When I do a strace, I’m noticing that a process can spend 30 seconds
just allocating memory for Mojolicious::Plugin::OpenAPI, but it only
happens once you hit a certain volume of processes. If you’re just
starting up 1 or 2, then it’s only a couple seconds. But if you have say
60-120 processes, it can take up to 30 seconds for
Mojolicious::Plugin::OpenAPI to do its work. I’m putting 10 CPUs to this
work, but clearly that’s not enough. I imagine there may be other
bottlenecks accessing the memory as well.
Has anyone profiled Mojolicious before? I’m guessing maybe Martin?
I suspect that this is just a problem that I’m going to have to live
with but maybe it is a case where I can find a way to optimize
Mojolicious::Plugin::OpenAPI.
David Cook
Software Engineer
Prosentient Systems
Suite 7.03
6a Glen St
Milsons Point NSW 2061
Australia
Office: 02 9212 0899
Online: 02 8005 0595
*From:*Koha-devel <[email protected]
<mailto:[email protected]>> *On Behalf Of
*[email protected] <mailto:[email protected]>
*Sent:* Monday, 26 April 2021 5:12 PM
*To:* 'Renvoize, Martin' <[email protected]
<mailto:[email protected]>>
*Cc:* 'Koha Devel' <[email protected]
<mailto:[email protected]>>
*Subject:* Re: [Koha-devel] Optimizing Starman startup
So I just tried the following…
--
root@kohadevbox:koha(master)$ npm install -g swagger-cli
/usr/bin/swagger-cli -> /usr/lib/node_modules/swagger-cli/swagger-cli.js
npm WARN @apidevtools/[email protected] requires a peer of
openapi-types@>=7 but none is installed. You must install peer
dependencies yourself.
+ [email protected] <mailto:[email protected]>
added 46 packages from 27 contributors in 8.203s
--
root@kohadevbox:koha(master)$ time swagger-cli bundle
api/v1/swagger/swagger.json --outfile api/v1/swagger/openapi.json --type
json
Created api/v1/swagger/openapi.json from api/v1/swagger/swagger.json
real 0m0.296s
user 0m0.346s
sys 0m0.032s
openapi.json is 10891 lines long but it actually contains 741 $ref lines
like "$ref": "#/definitions/error" and "$ref":
"#/definitions/patron_extended_attribute".
--
Now to do some benchmarking… I ran the following code:
#!/usr/bin/perl
use JSON::Validator::OpenAPI::Mojolicious;
my $validator = JSON::Validator::OpenAPI::Mojolicious->new;
my $spec = $validator->bundle({
replace => 1,
schema => "api/v1/swagger/swagger.json",
});
The first time I ran it… it took 1.343 seconds.
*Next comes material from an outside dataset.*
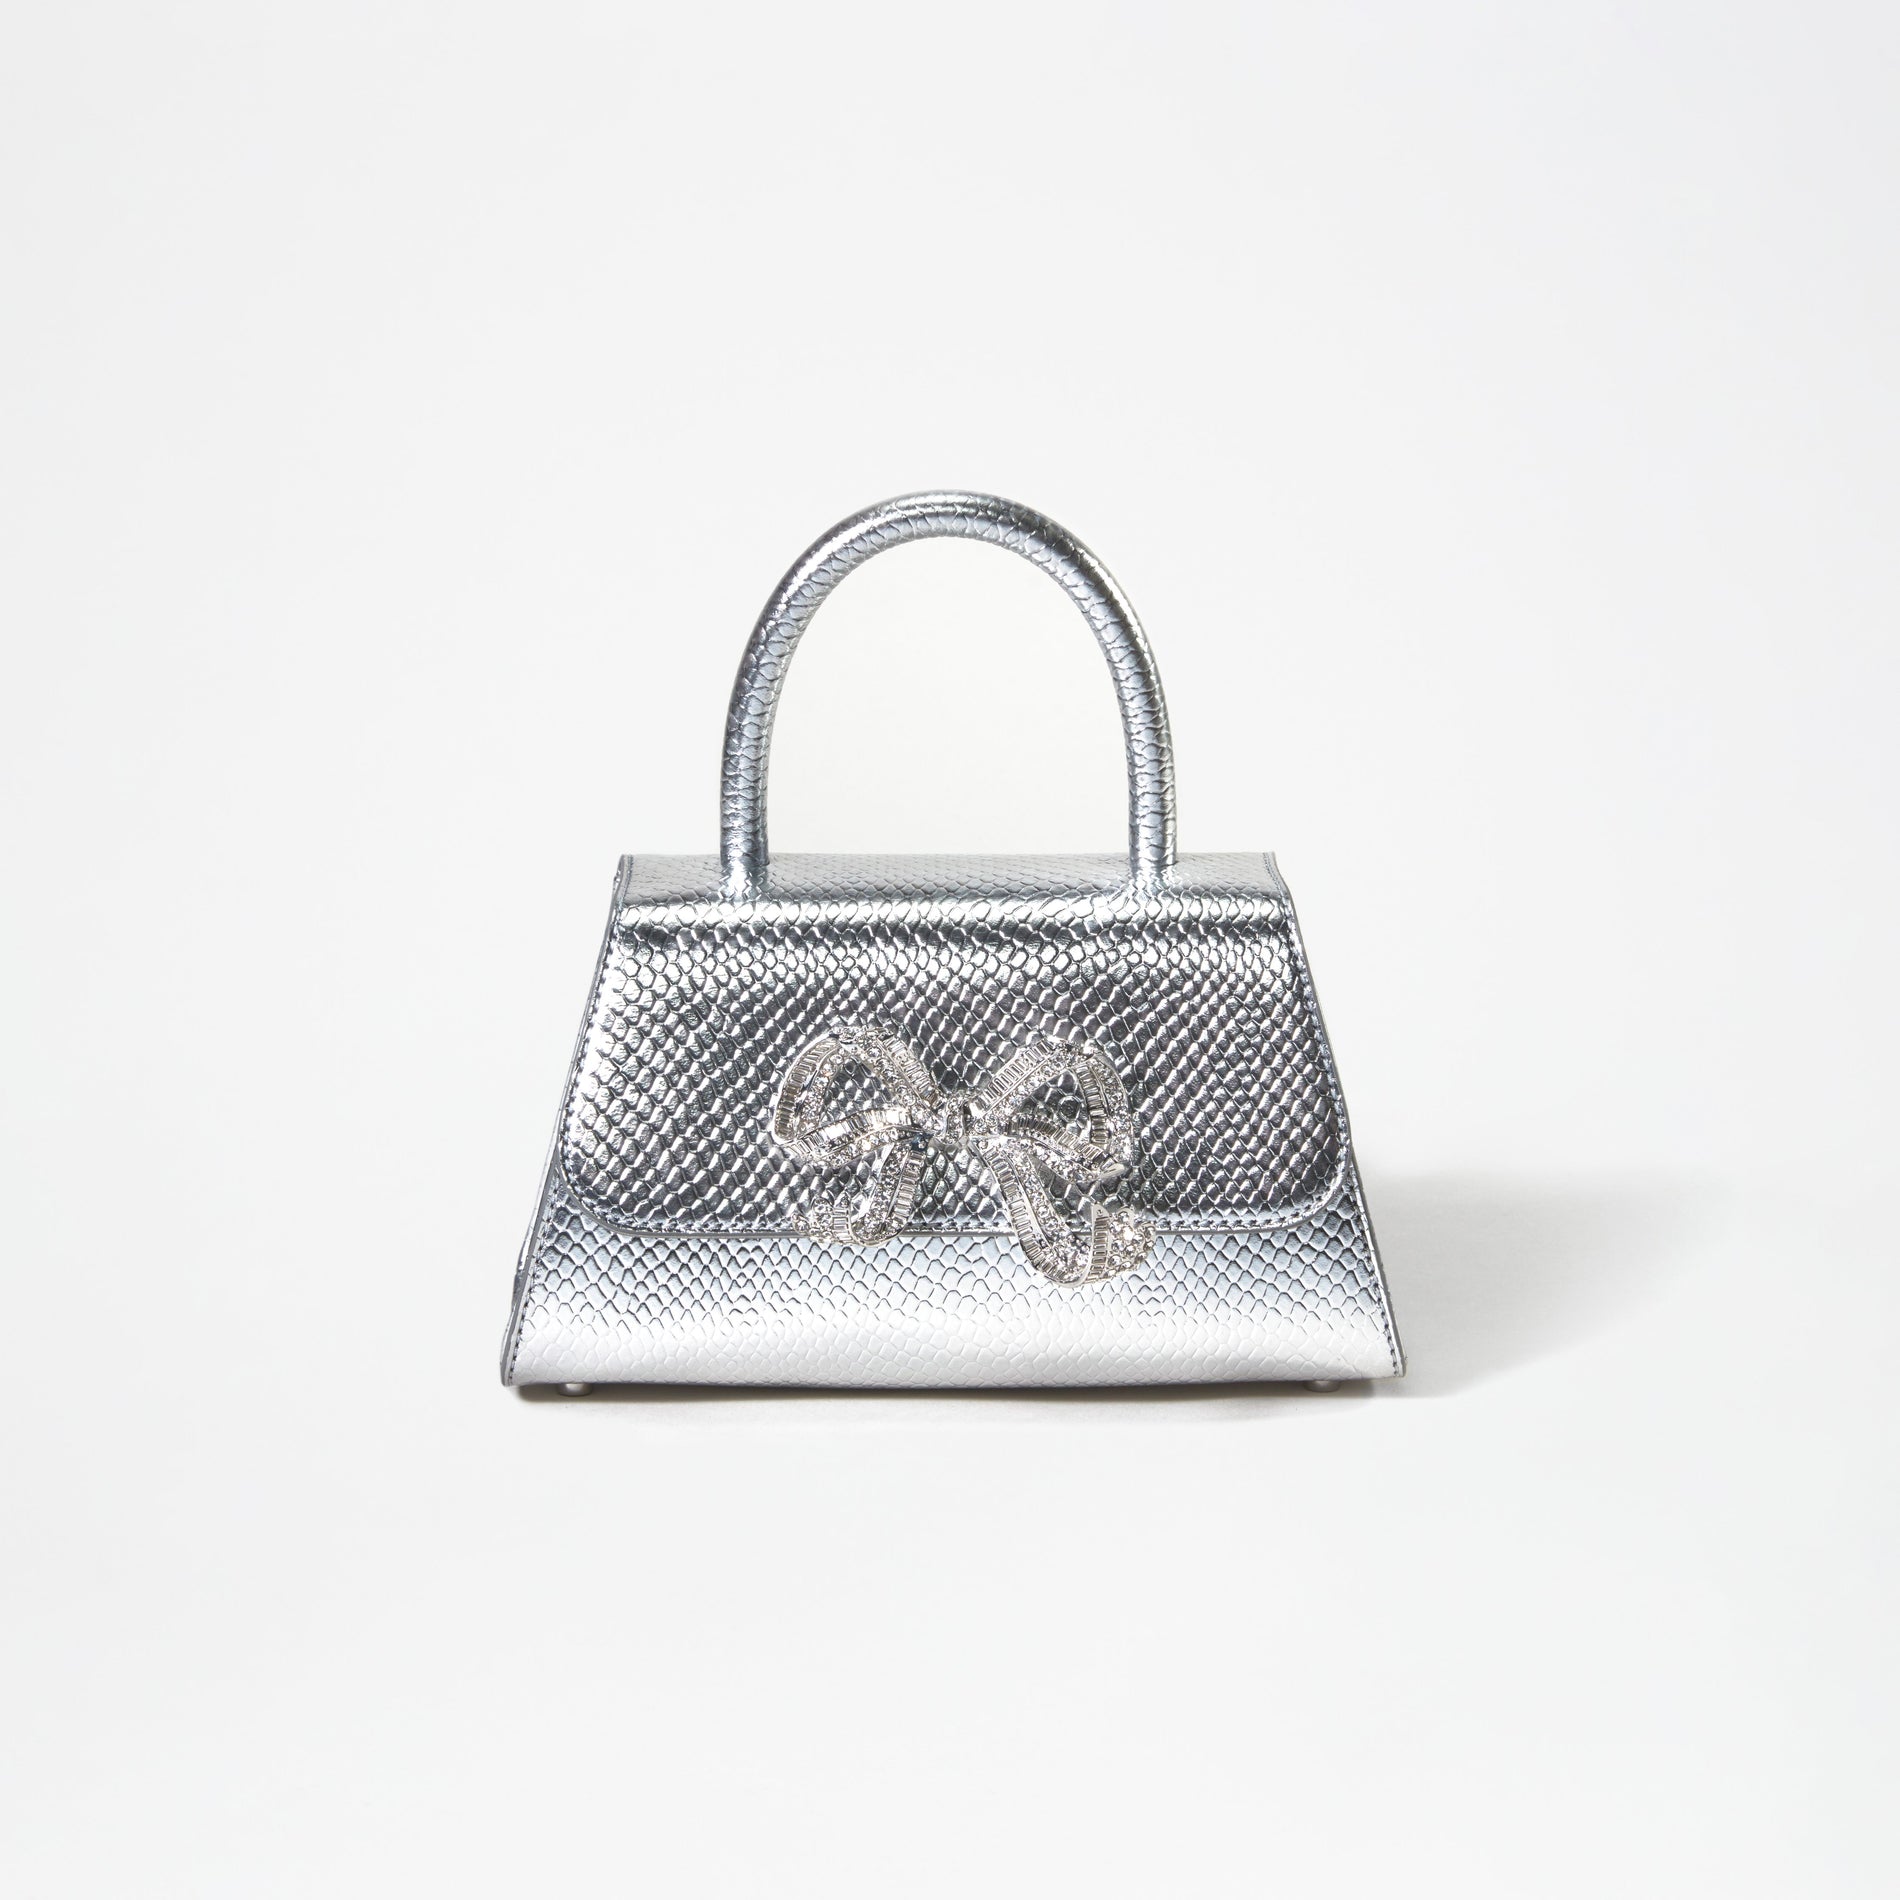 A woman wearing the Silver Python Diamante Bow Mini Bag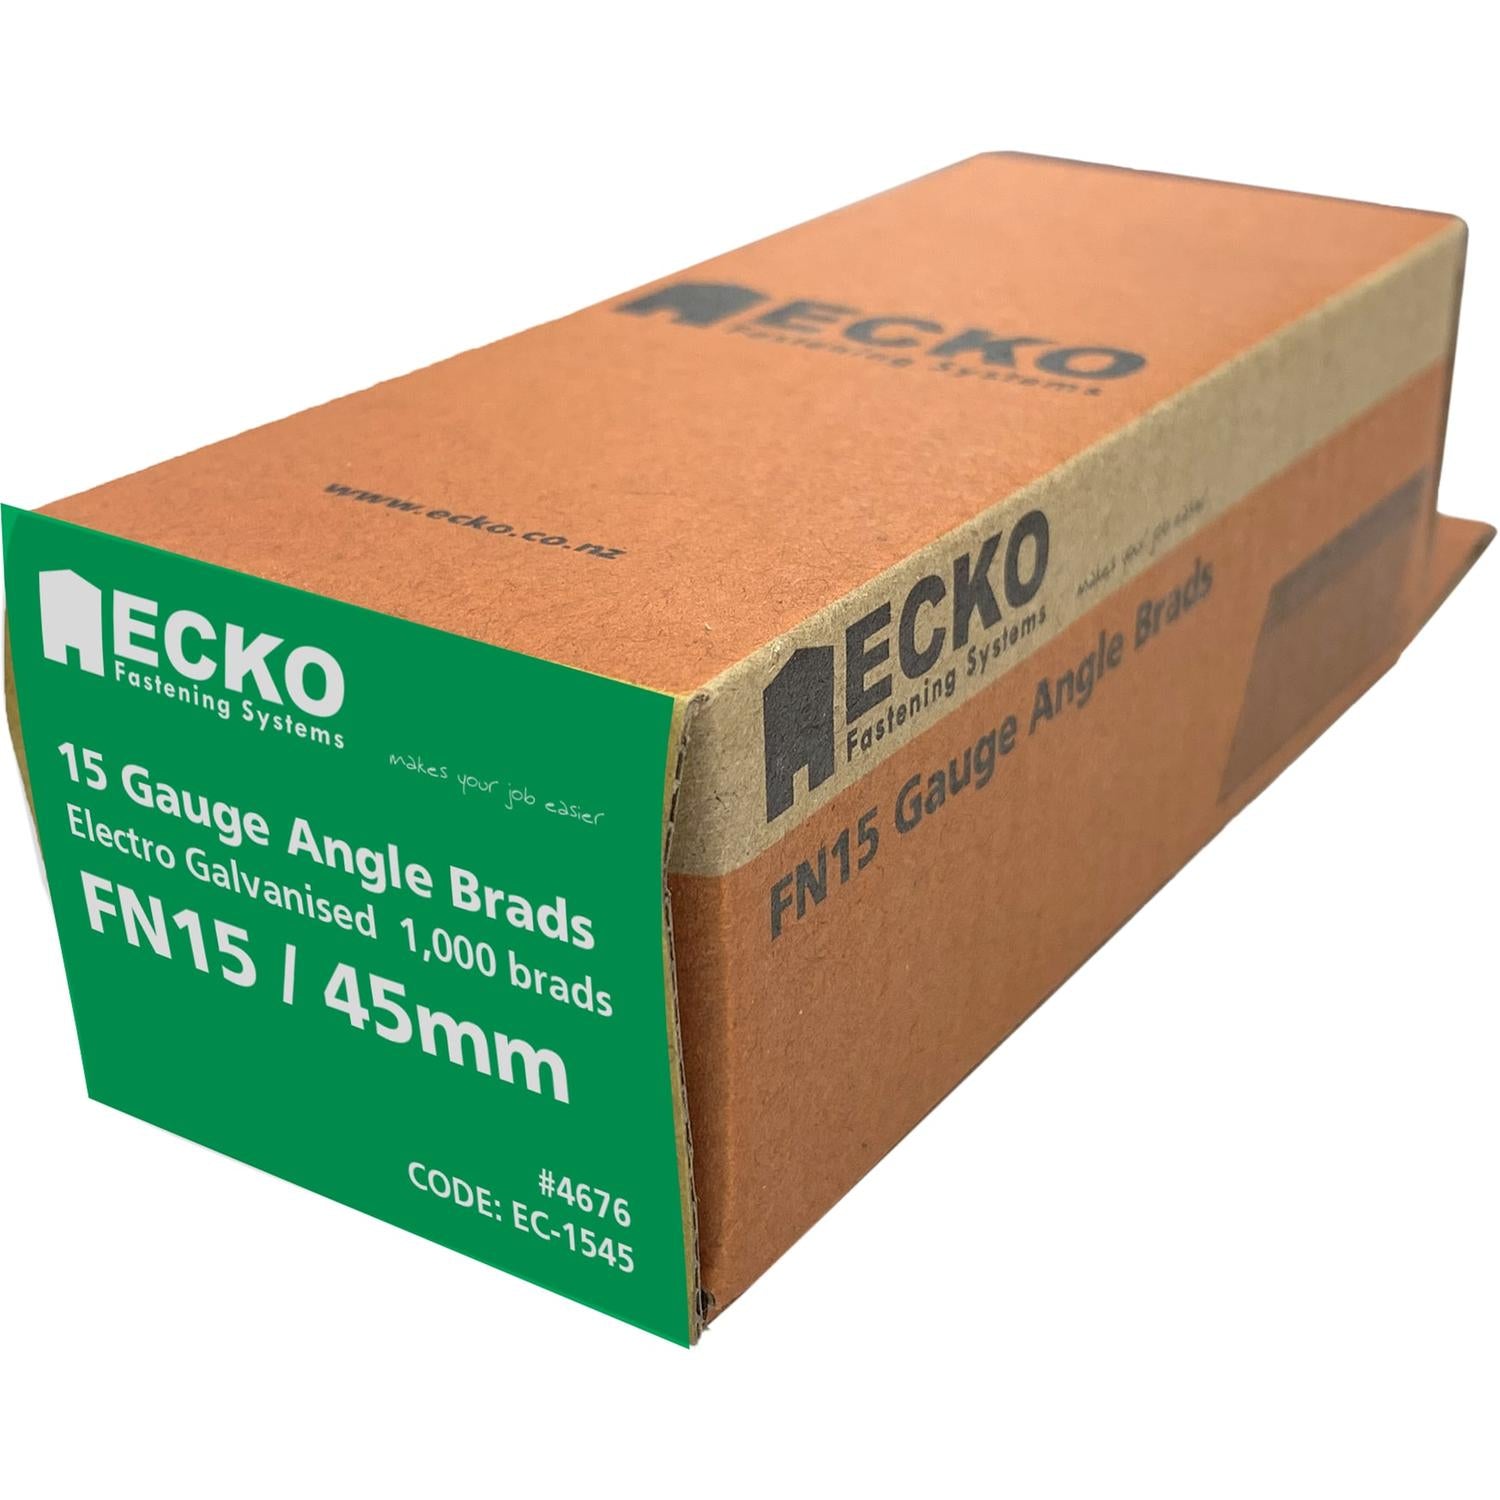 Ecko 15G X 45Mm Angle Brads Electro Galvanised (1000 Box)

The second time and
subsequent times it took .354 seconds. (That’s using Ubuntu 20.04 and
JSON Validator 3.14.) That suggests caching although I’m not sure where.
I don’t see anything obvious in /usr/share/perl5/JSON/Validator/cache.
Trying with openapi.json yields .280 seconds instead of .354 seconds.
It’s faster, but not significantly.
So that suggests that the problem is actually with
Koha::REST::Plugin::PluginRoutes or Mojolicious::Plugin::OpenAPI more
specifically…
David Cook
Software Engineer
Prosentient Systems
Suite 7.03
6a Glen St
Milsons Point NSW 2061
Australia
Office: 02 9212 0899
Online: 02 8005 0595
*From:*[email protected] <mailto:[email protected]>
<[email protected] <mailto:[email protected]>>
*Sent:* Monday, 26 April 2021 11:24 AM
*To:* 'Renvoize, Martin' <[email protected]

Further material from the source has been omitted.